I recently spent two wonderful weeks with my mom, Marguerite, including some time in Siesta Key, Florida, where we watched the waves roll in while eating oysters and Key lime pie. We laughed a lot. Although my mom is 82 and I’m 51, she jokes that we’re practically best friends.
I can’t imagine a better one. My mom is mentally sharp, a great cook, up on all the news, a voracious reader and loads of fun to be with. With Mother’s Day coming up, it got me thinking about what she has taught me about money and work over the years. Her counsel has helped me both professionally, as a writer about work and personal finance, and personally in my day-to-day life.Here are her four greatest lessons. Thanks, Mom!
1. Believe there’s nothing you can’t do and go for it. I owe a large measure of my professional confidence to Mom. She worked in advertising and public relations before quitting in 1956 to raise four kids. “All of my college friends had careers,” she says. “We never thought we couldn’t compete with men.”Neither did I. At age 21, I announced to my parents that I was determined to get a job at Forbes magazine (Dad’s favorite) in New York City, even though there were few women in financial journalism back then. I hadn’t studied journalism in college — Duke didn’t offer it in the curriculum. My writing “clips” were from college publications or equestrian magazines. (Horses have been my passion since I was 6.) And our family didn’t know any journalists.

But there was no pushback from Mom or Dad. In fact, after I graduated, began pitching freelance articles and landed some assignments, Mom lent a hand by proofreading some of my pieces. I also bounced story ideas off her. I knew I needed to build up my portfolio and expertise before I had a shot at getting in the door at Forbes. 

In time, I was freelancing for Business WeekAdvertising Age and The Pittsburgh Business Times. I even profiled ballerinas for In Pittsburgh, an alternative newspaper, though I knew nothing about dance.

When I felt I had enough ammunition, I sent my resumé and clips to the chief of reporters at Forbes. Score! I landed that Forbes position in the Big Apple. Mom had never doubted that I’d make it there. What a gift to give your kid self-confidence and a dollop of chutzpah.

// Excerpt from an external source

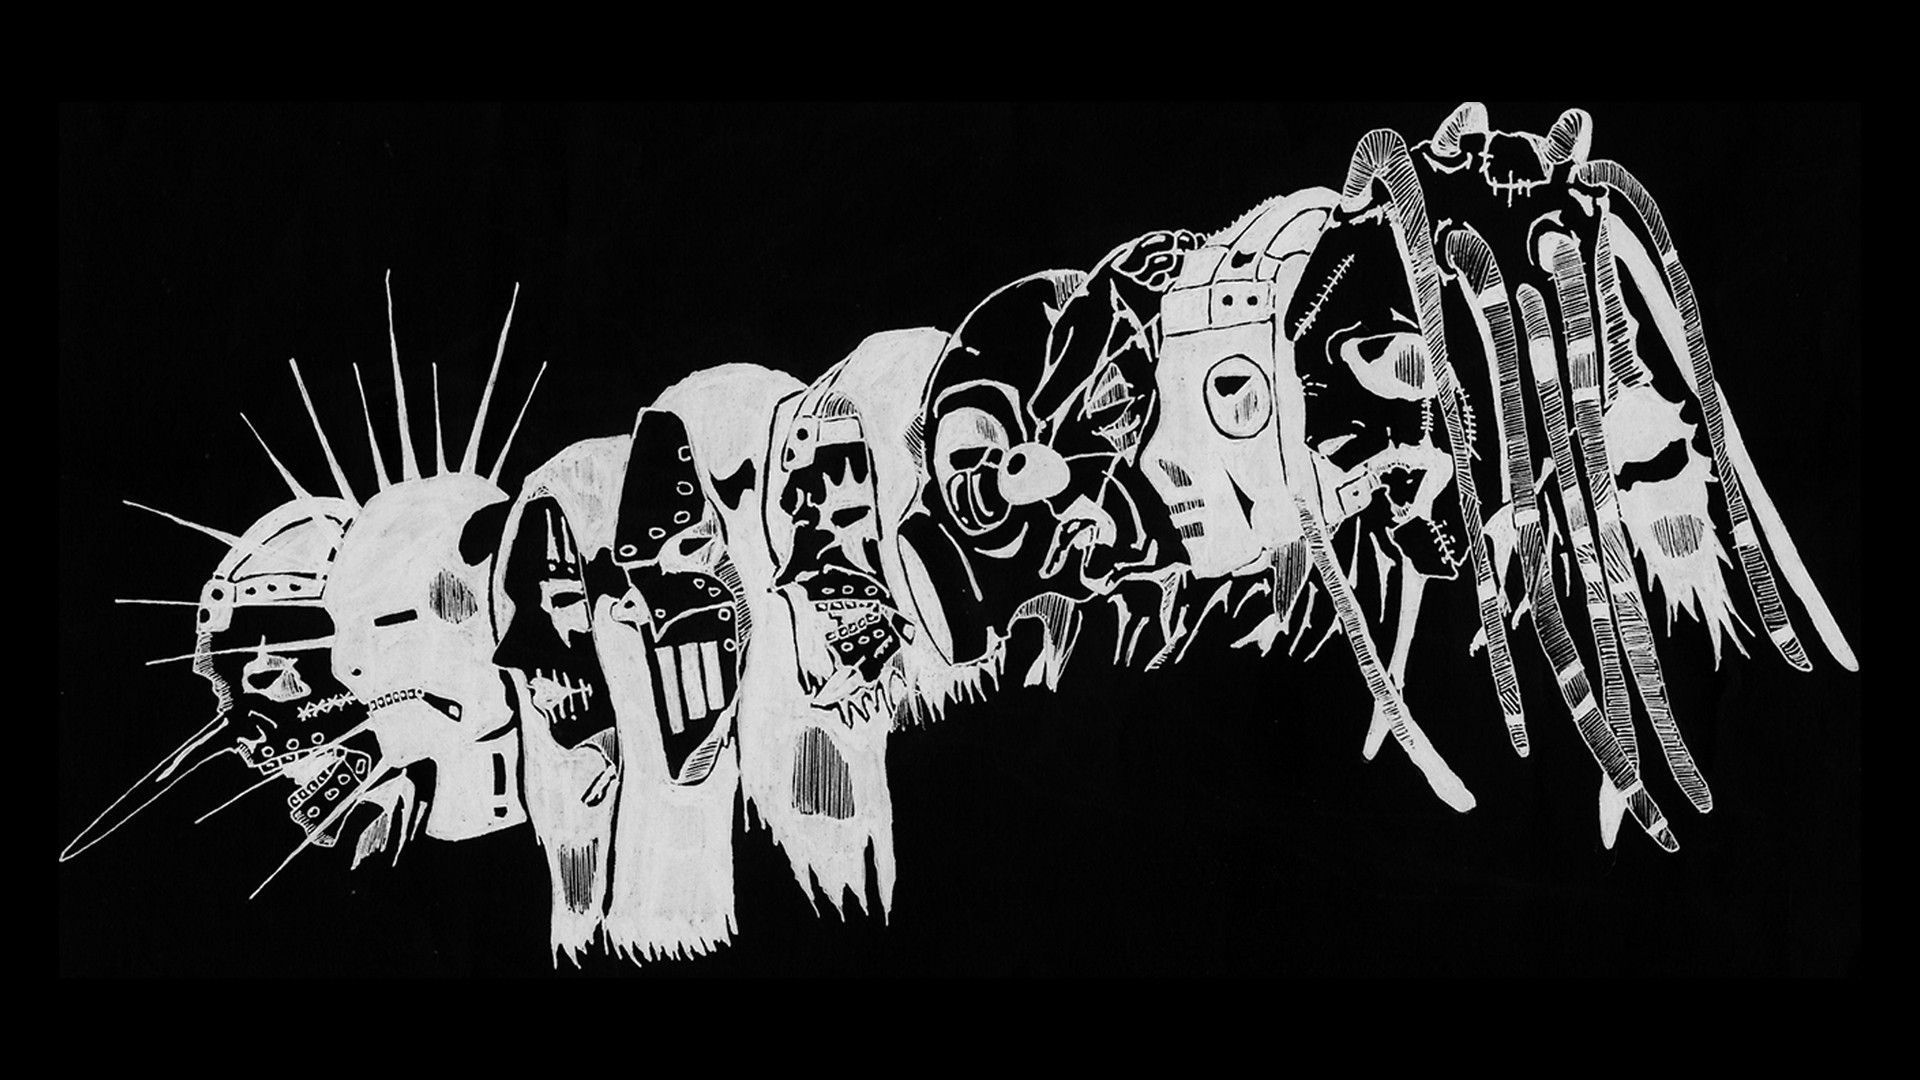 Music Heavy Metal slipknot band Corey Taylor wallpaper 1920x1080 1920x1080

2. Shop from a grocery list. Mom paid the bills in our household when I was growing up, so she knew more than a little about money management. She never shopped for groceries without a list — and still doesn’t. To her, this discipline was a no-brainer: It saved money by helping her keep tight control over her supermarket spending.

From the time we were children, she would actually phone in her weekly order to the local grocer, who would either deliver it or have it ready for pick-up.

I follow this shopping list regime for my husband Cliff and myself, and I estimate it helps me save at least $1,000 a year. But — sorry, Mom — I do walk the supermarket aisles. And, from time to time, I’ve been known to scoop up a bag of Double Stuf Oreos that wasn’t on my list.

3. Let your husband or partner do the shopping if your mate is a bargain hunter. OK, Mom lucked out here. My dad, Jack, who died four years ago, was the owner and CEO of a management consulting and executive search firm, but he also loved to shop. He was good at finding bargains, too. Mom actually hates to shop, even for clothes, so this worked out well.

Since how money gets spent is the issue couples fight about most often, this arrangement made for a happy marriage. I honestly never saw or heard my parents fight about finances.

I am not crazy about shopping either, but I’m lucky to have a husband who doesn’t mind doing it. He’ll patiently hunt down the lowest airfares and hotel rates or buy a new clothes dryer if we need one. From time to time, he even purchases clothes for me — usually with more upscale labels than those I’d buy for myself. Of course, he always waits for a sale. Win-Win.

4. Earn more to spend more. When Dad would announce he wanted to buy something expensive, like a new Cadillac, Mom would say: “Jack, you’ll just have to find a way to earn more,” and she’d laugh.

Well, truth is, I often try to use Mom’s rule myself. If there’s something extra I know I want to spend money on — like a trip to Ireland to visit my niece Caitlin, who’ll be studying in Galway — I immediately think about how many more assignments I’d need to pay for it without dipping into savings. Then I go out and get them.

That kind of motivation will make my Irish eyes smile — Mom’s too, if she decides to join me on that trip to the Emerald Isle. I hope she does.